▶ [TASK GOAL]:
From the records that follow, return exactly the lines beginning at the one that contains "DND DC MERMAID Collection #242 Powder Pink" and ending at the one that contains "Refrigerator For Only $75.", pictures left out.

▶ [PROVIDED INFORMATION]:
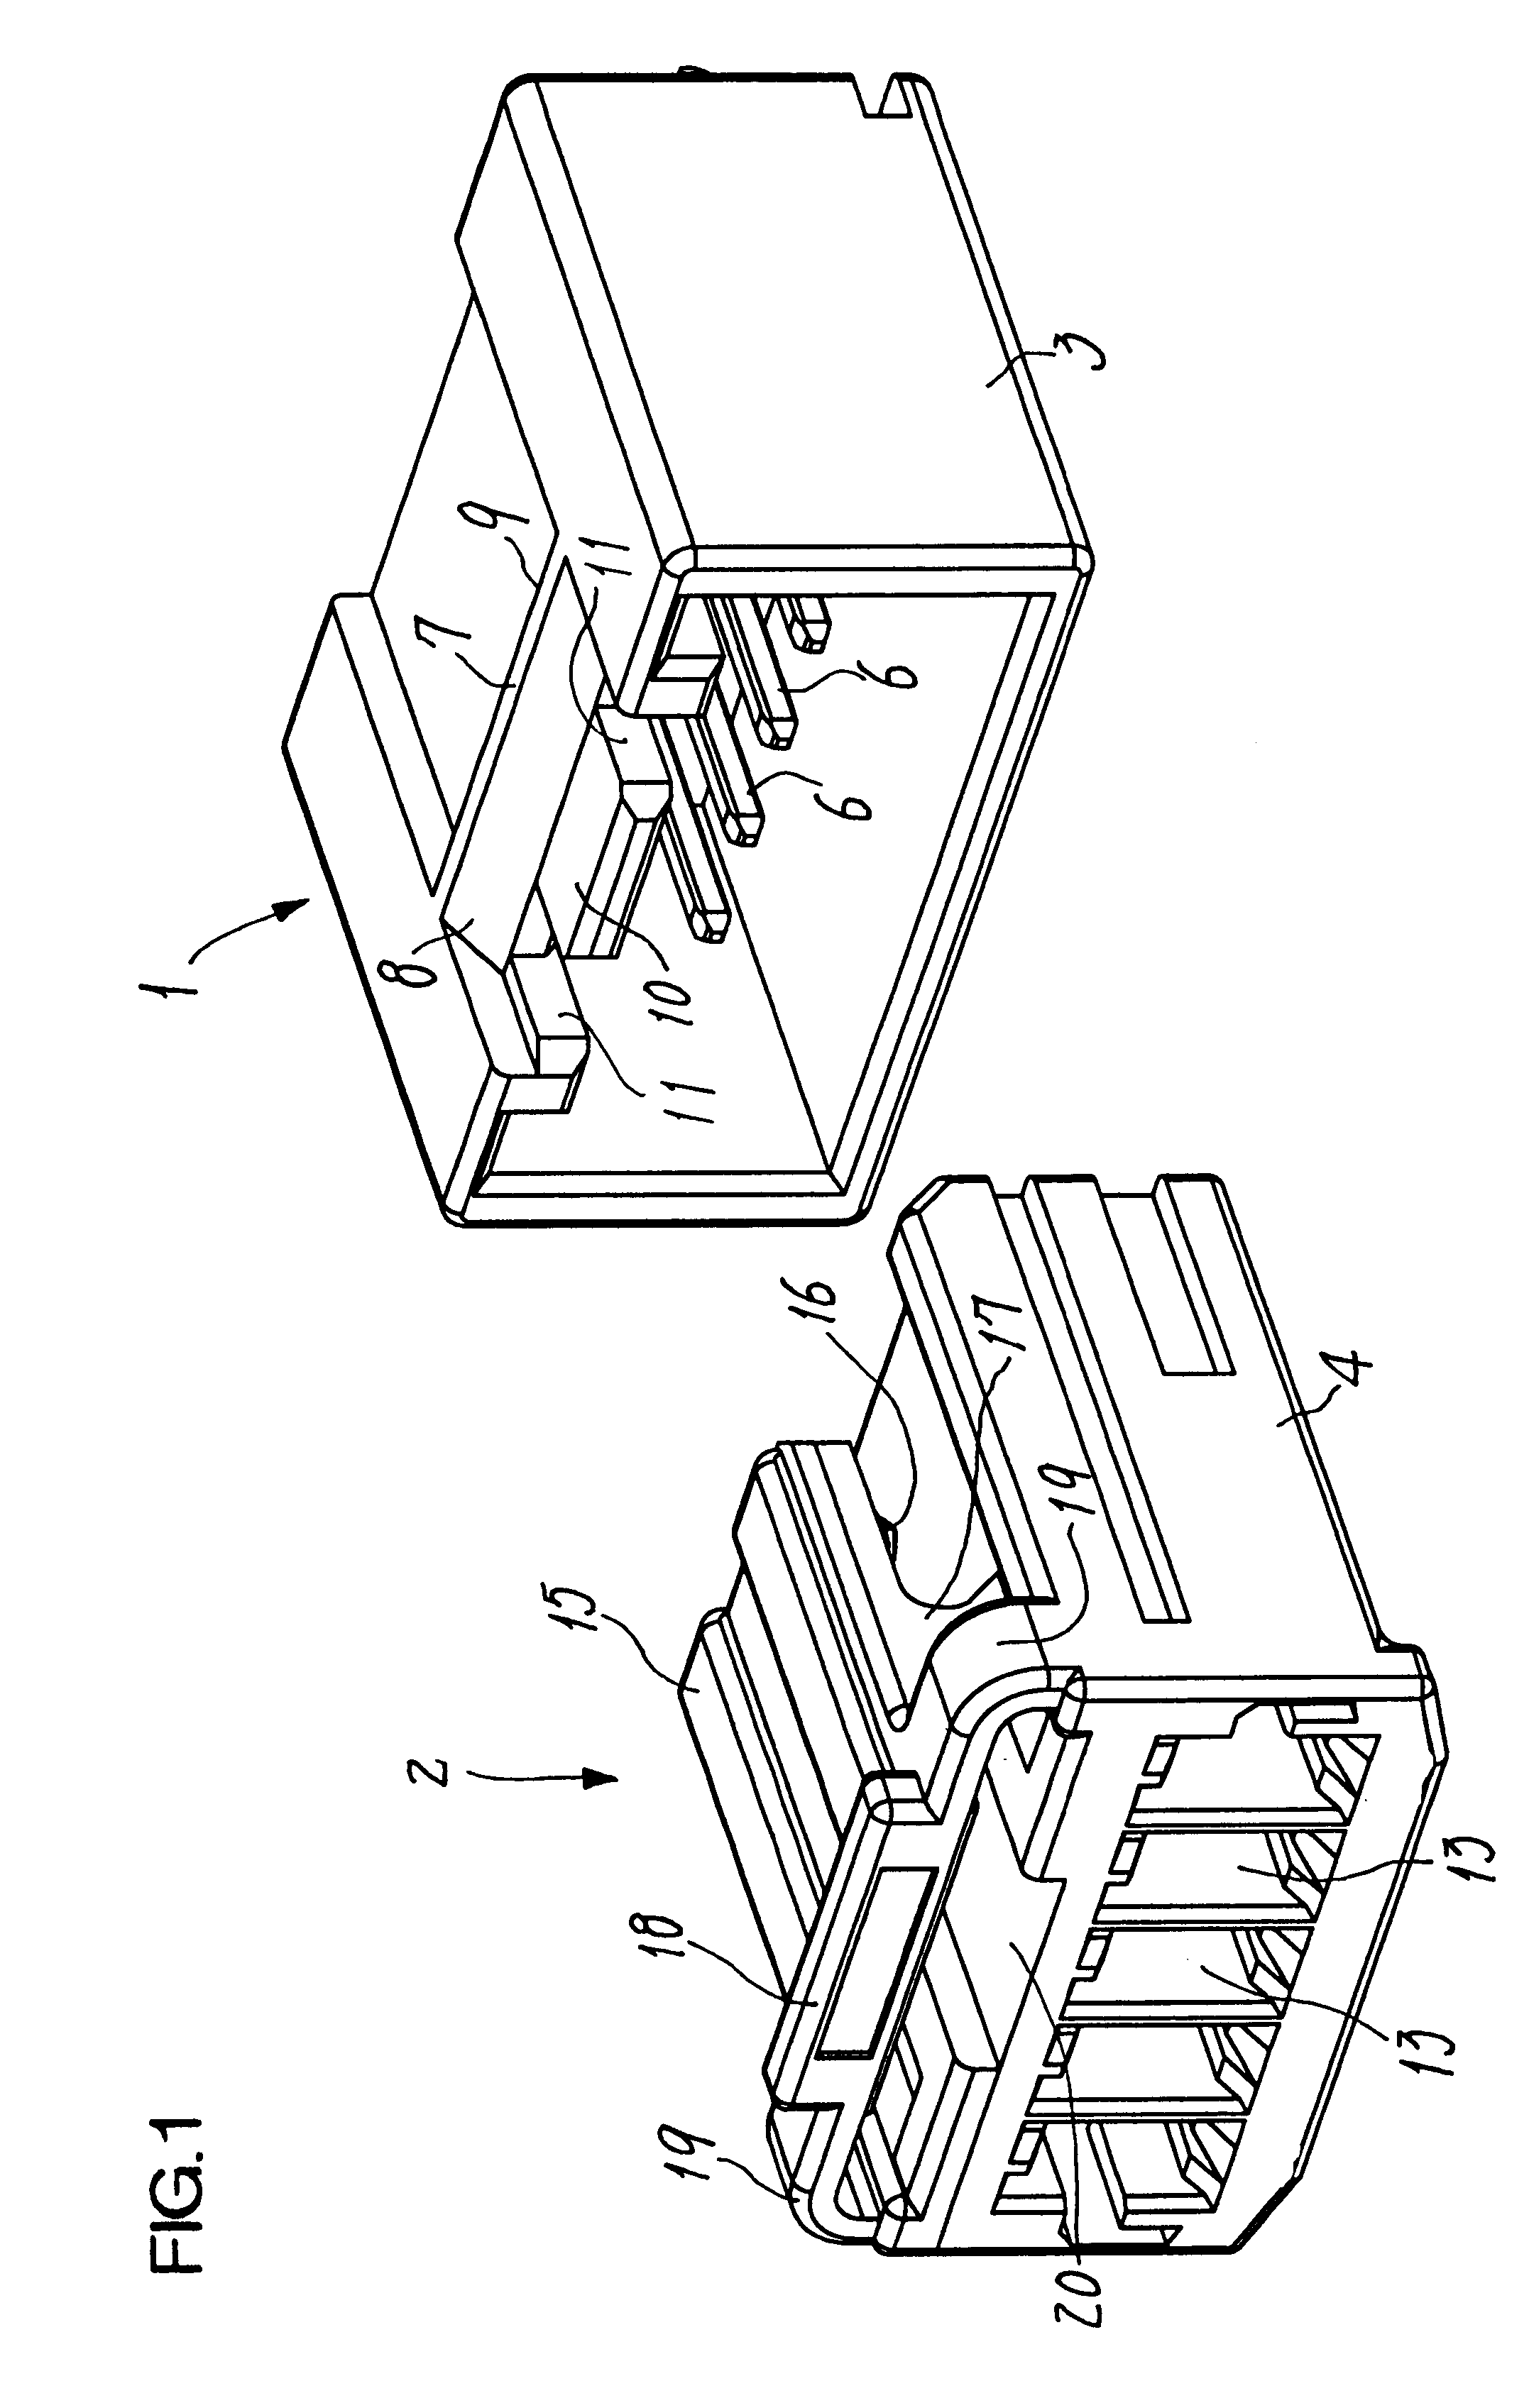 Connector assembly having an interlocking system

==

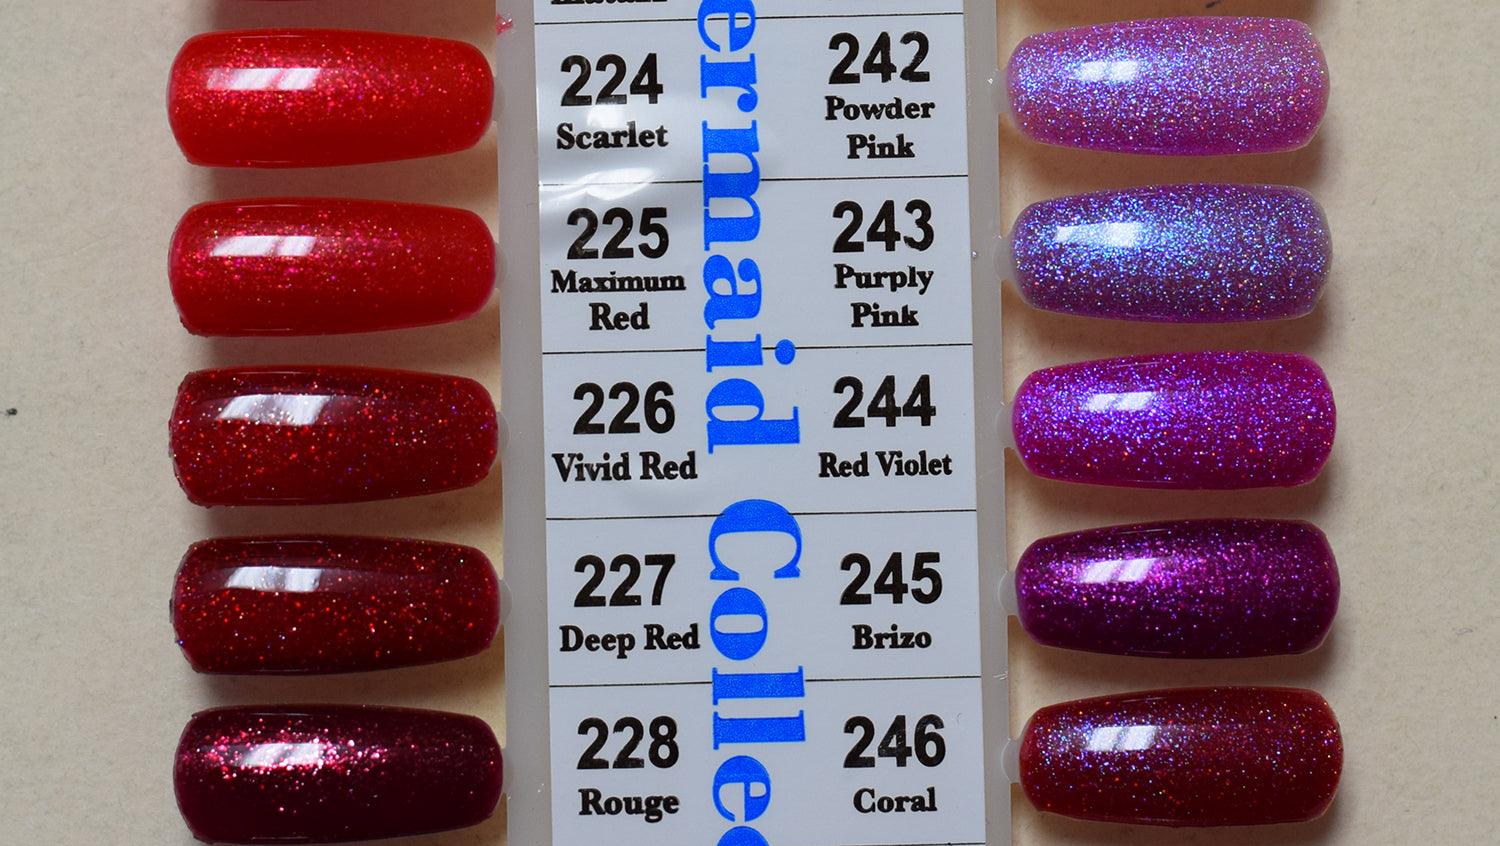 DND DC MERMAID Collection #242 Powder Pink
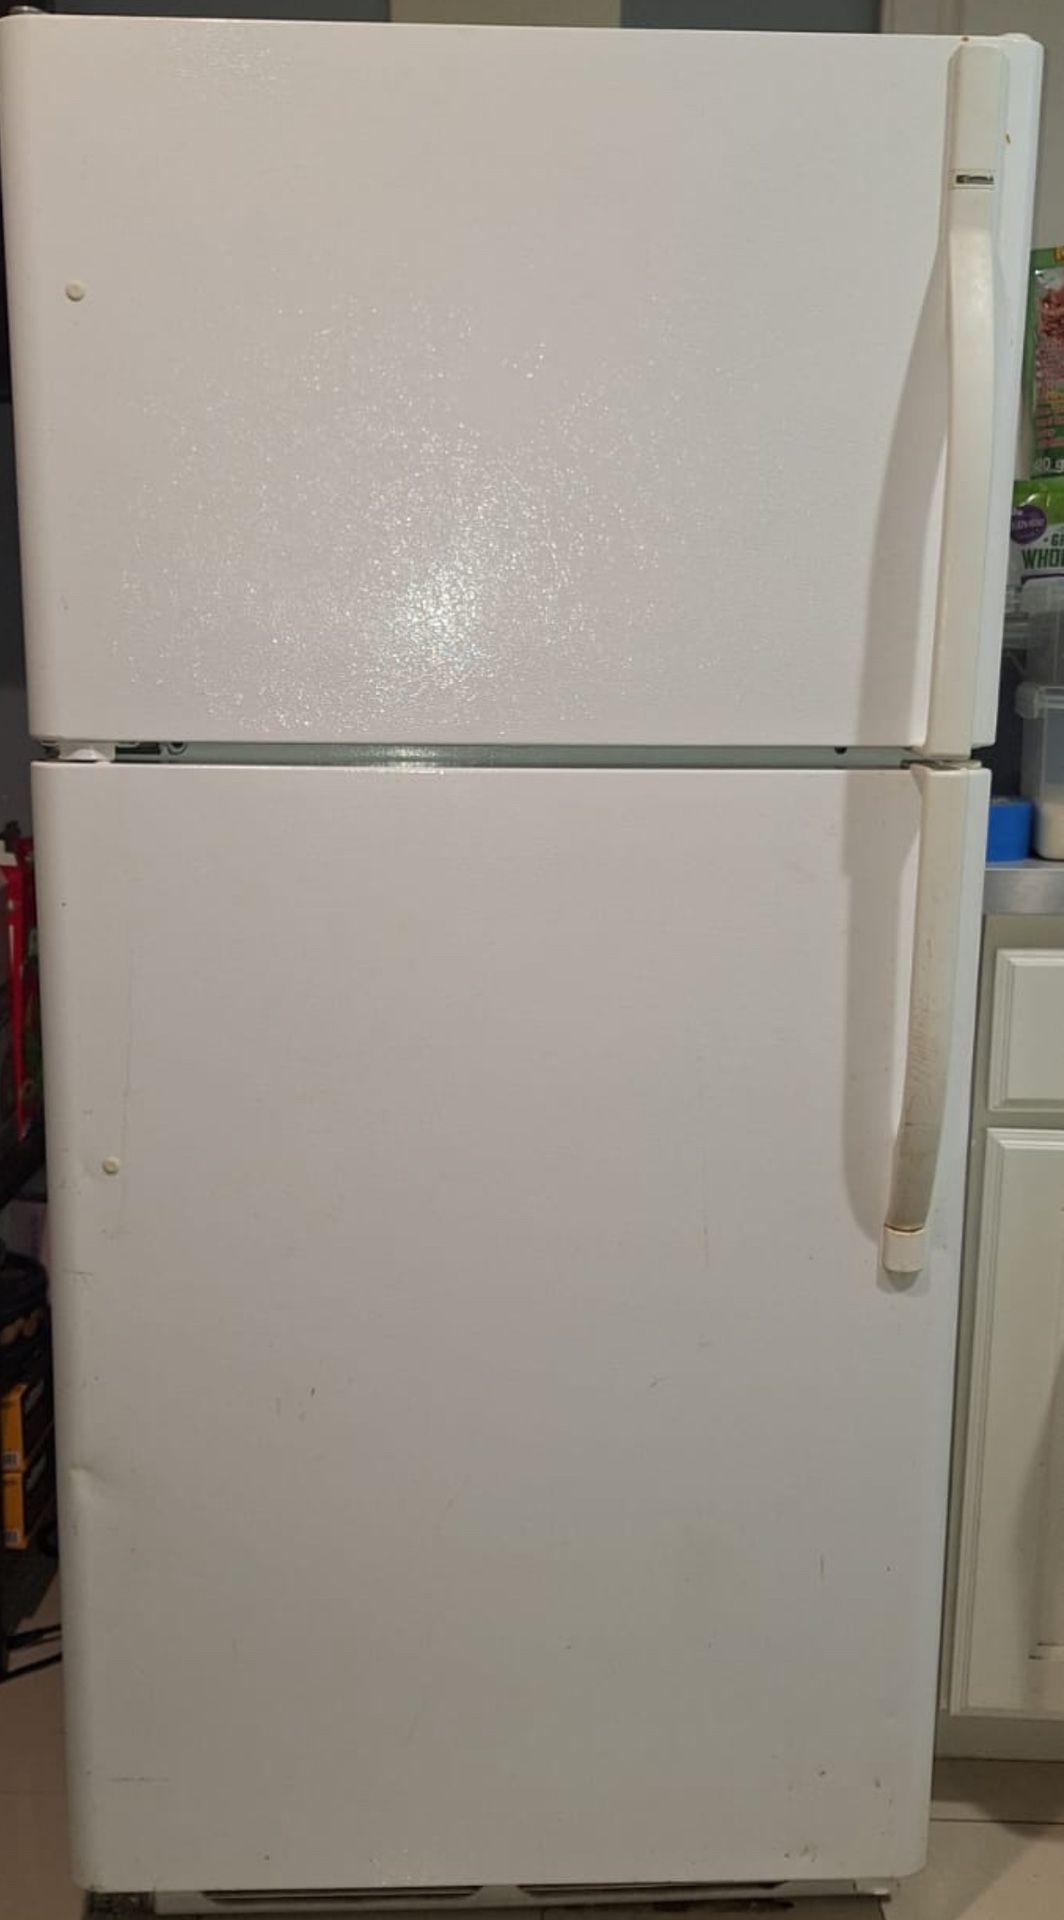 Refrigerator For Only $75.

▶ [ANSWER BELOW]:
 DND DC MERMAID Collection #242 Powder Pink
 Refrigerator For Only $75.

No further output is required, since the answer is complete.